(Beginning of PROVIDED MATERIAL)
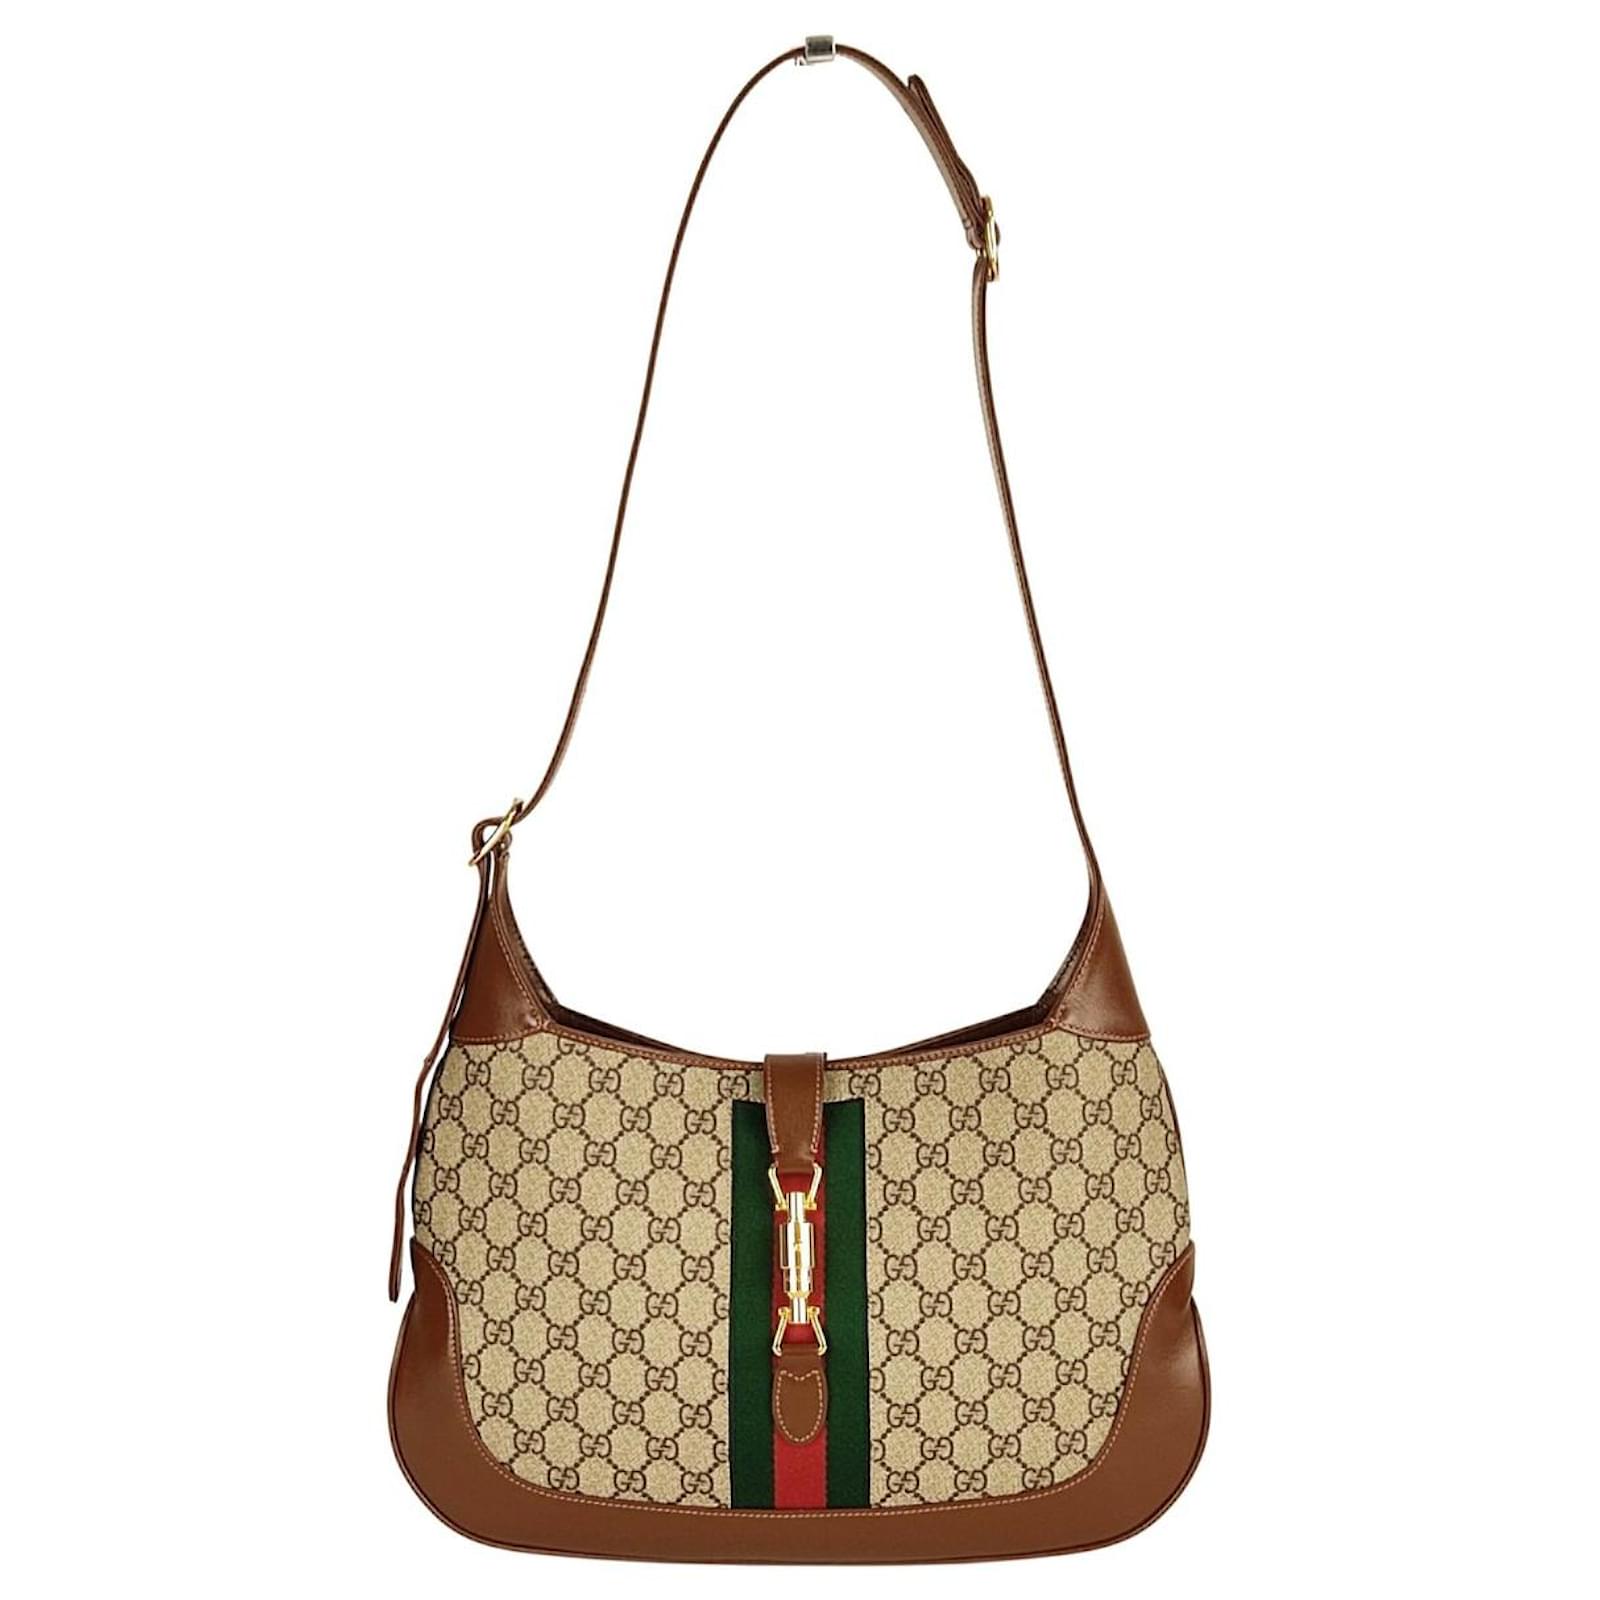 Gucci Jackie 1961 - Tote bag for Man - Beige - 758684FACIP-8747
(End of PROVIDED MATERIAL)
(Beginning of PROVIDED MATERIAL)
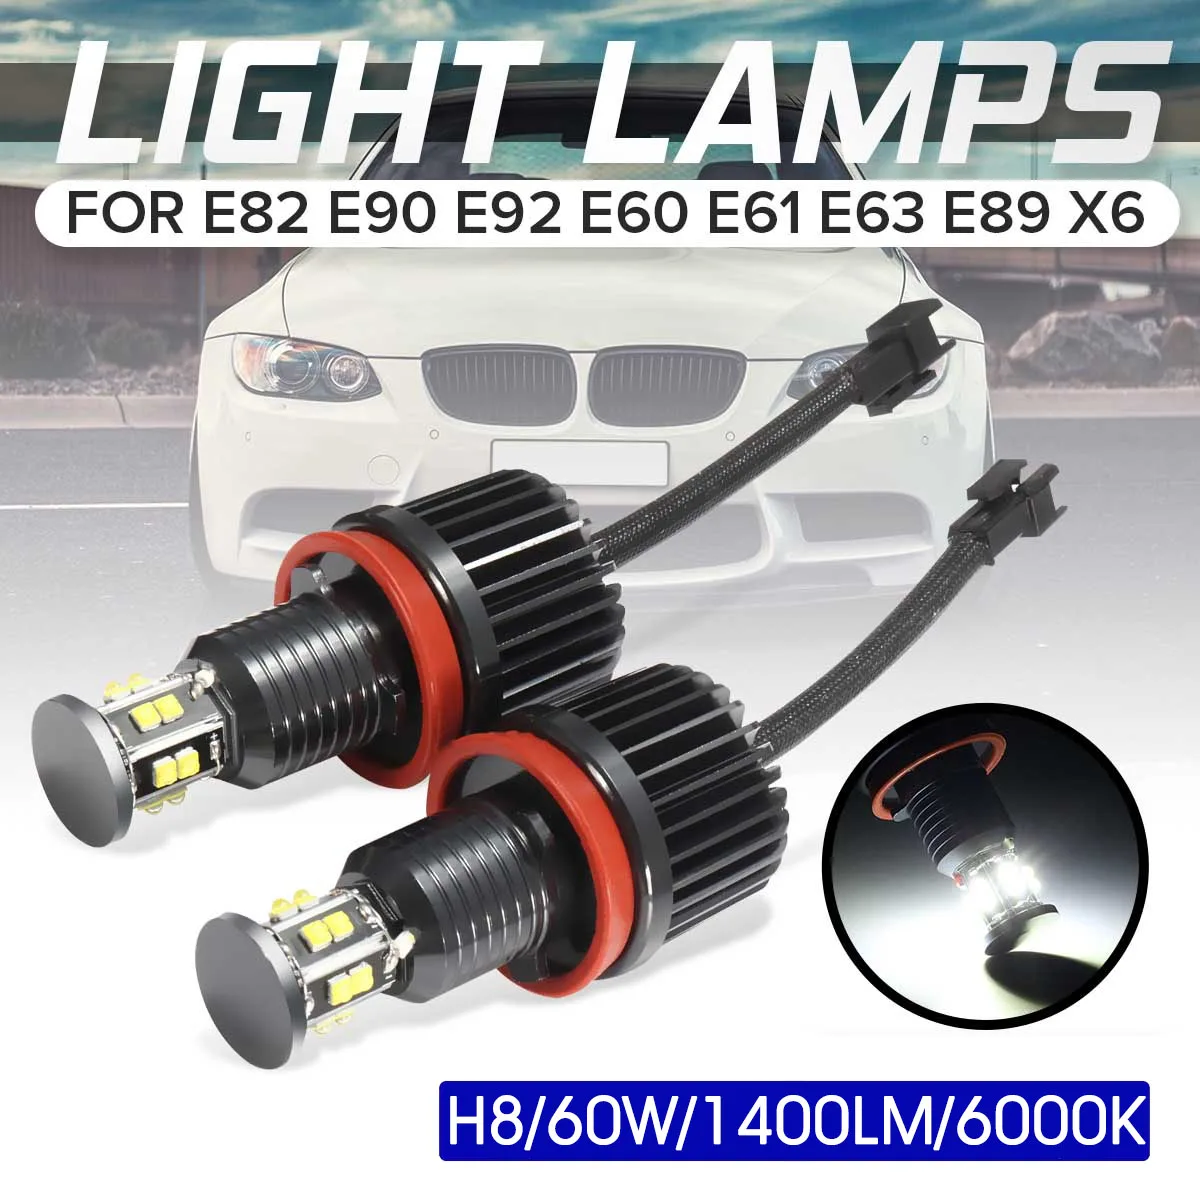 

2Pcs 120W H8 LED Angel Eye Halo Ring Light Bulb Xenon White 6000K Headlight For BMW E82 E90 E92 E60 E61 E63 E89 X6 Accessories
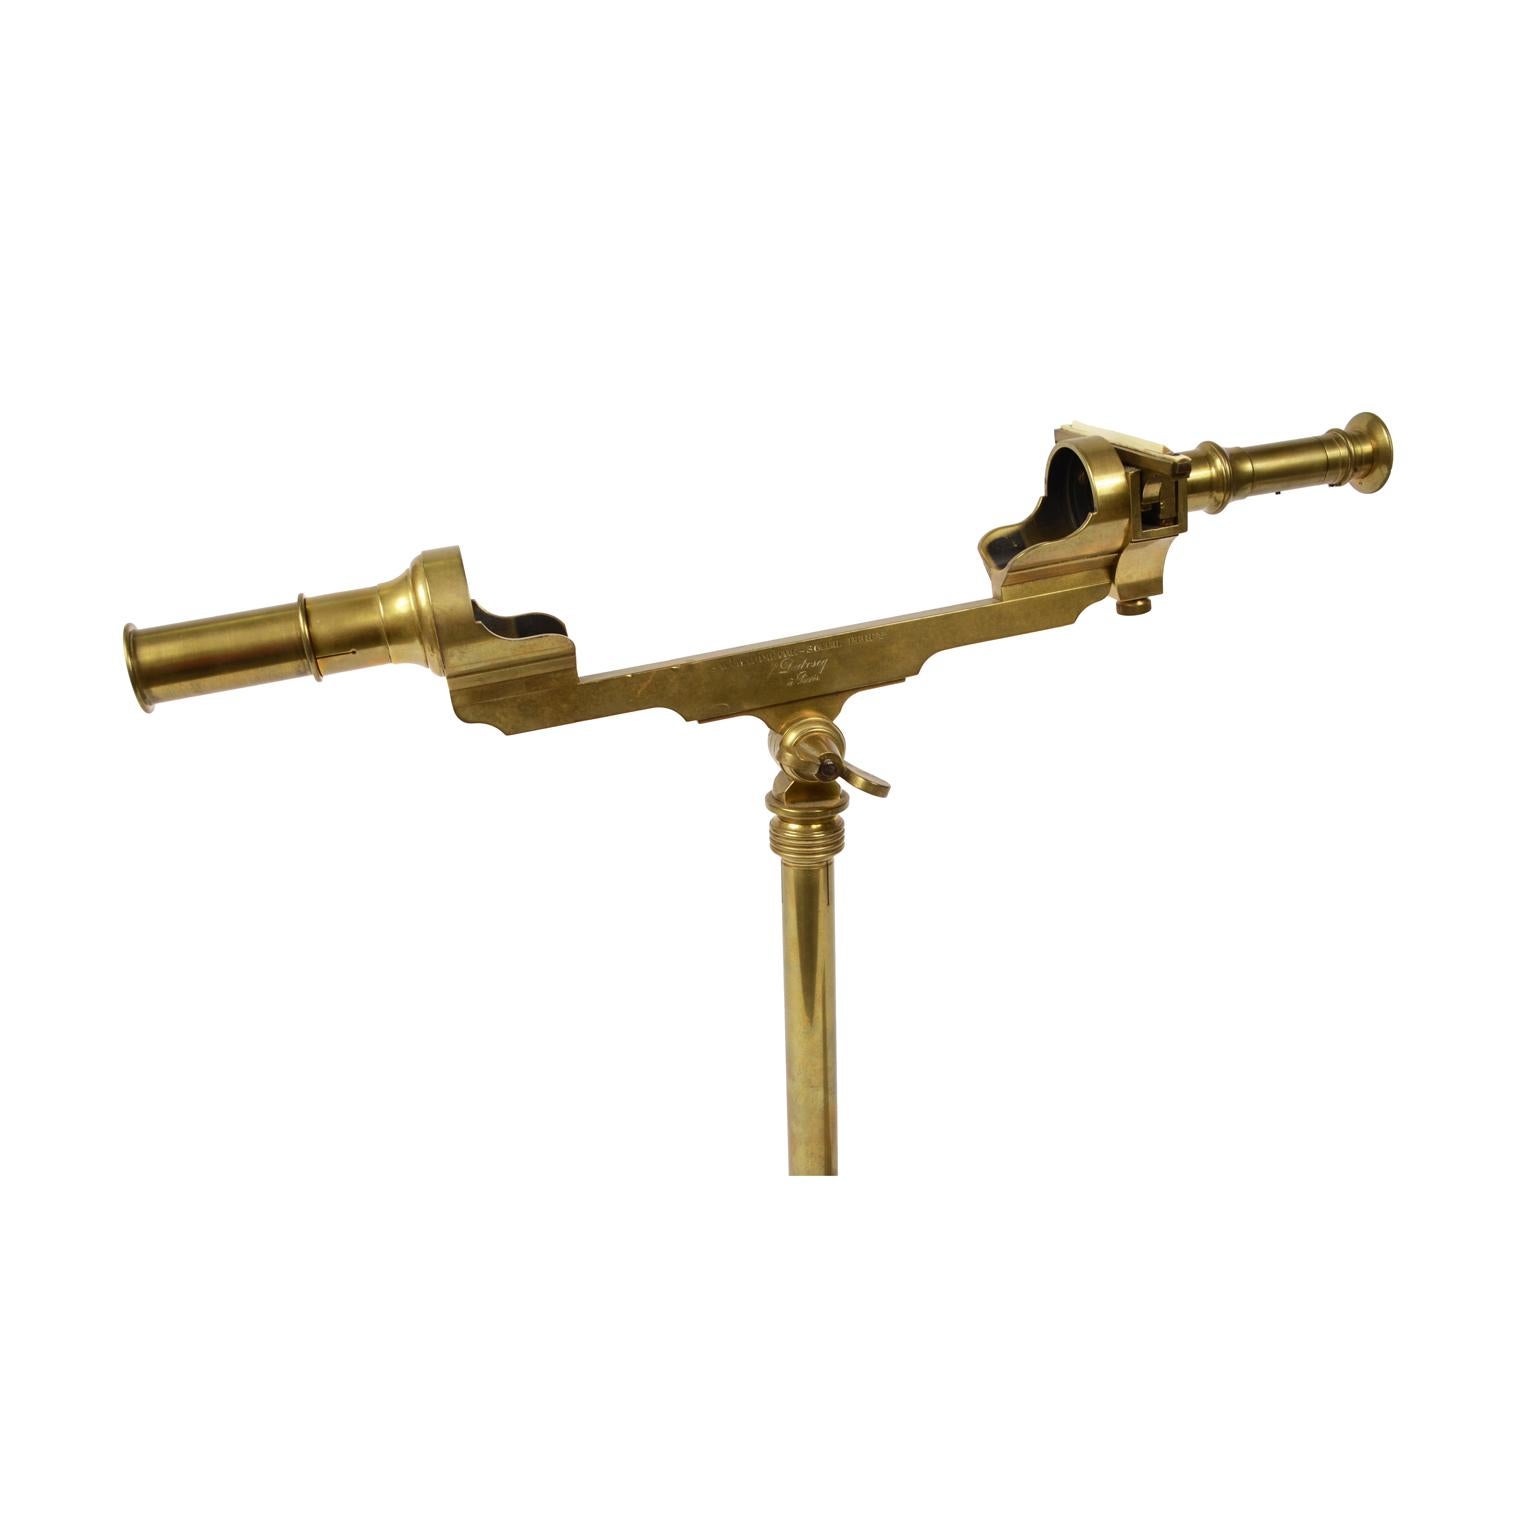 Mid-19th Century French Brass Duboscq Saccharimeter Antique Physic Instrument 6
(End of PROVIDED MATERIAL)
(Beginning of PROVIDED MATERIAL)
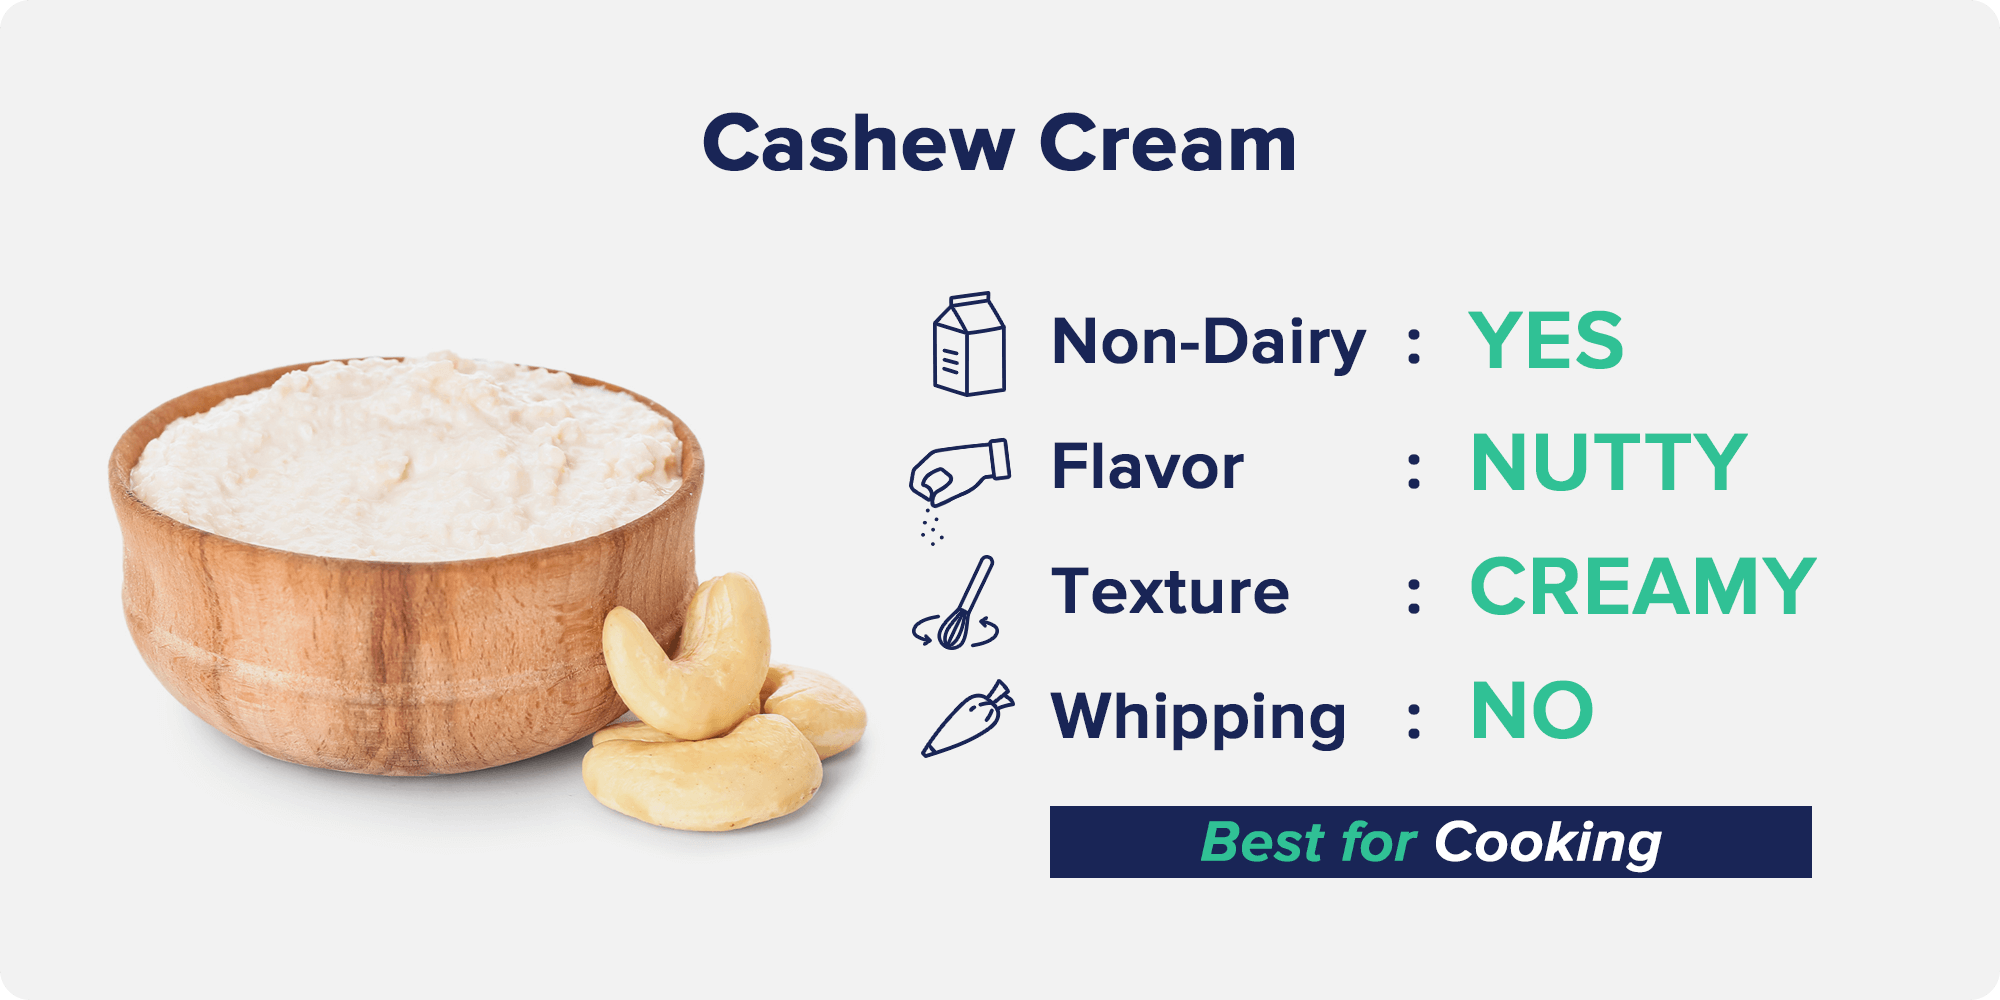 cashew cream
(End of PROVIDED MATERIAL)
▶ **REQUIREMENT**
Text only, no pictures: please print exactly the lines above from the line with "2Pcs 120W H8" up to and including the line with "Mid-19th Century French", and nothing else.

▶ **SOLUTION TO THIS TASK**
2Pcs 120W H8 LED Angel Eye Halo Ring Light Bulb Xenon White 6000K Headlight For BMW E82 E90 E92 E60 E61 E63 E89 X6 Accessories
 Mid-19th Century French Brass Duboscq Saccharimeter Antique Physic Instrument 6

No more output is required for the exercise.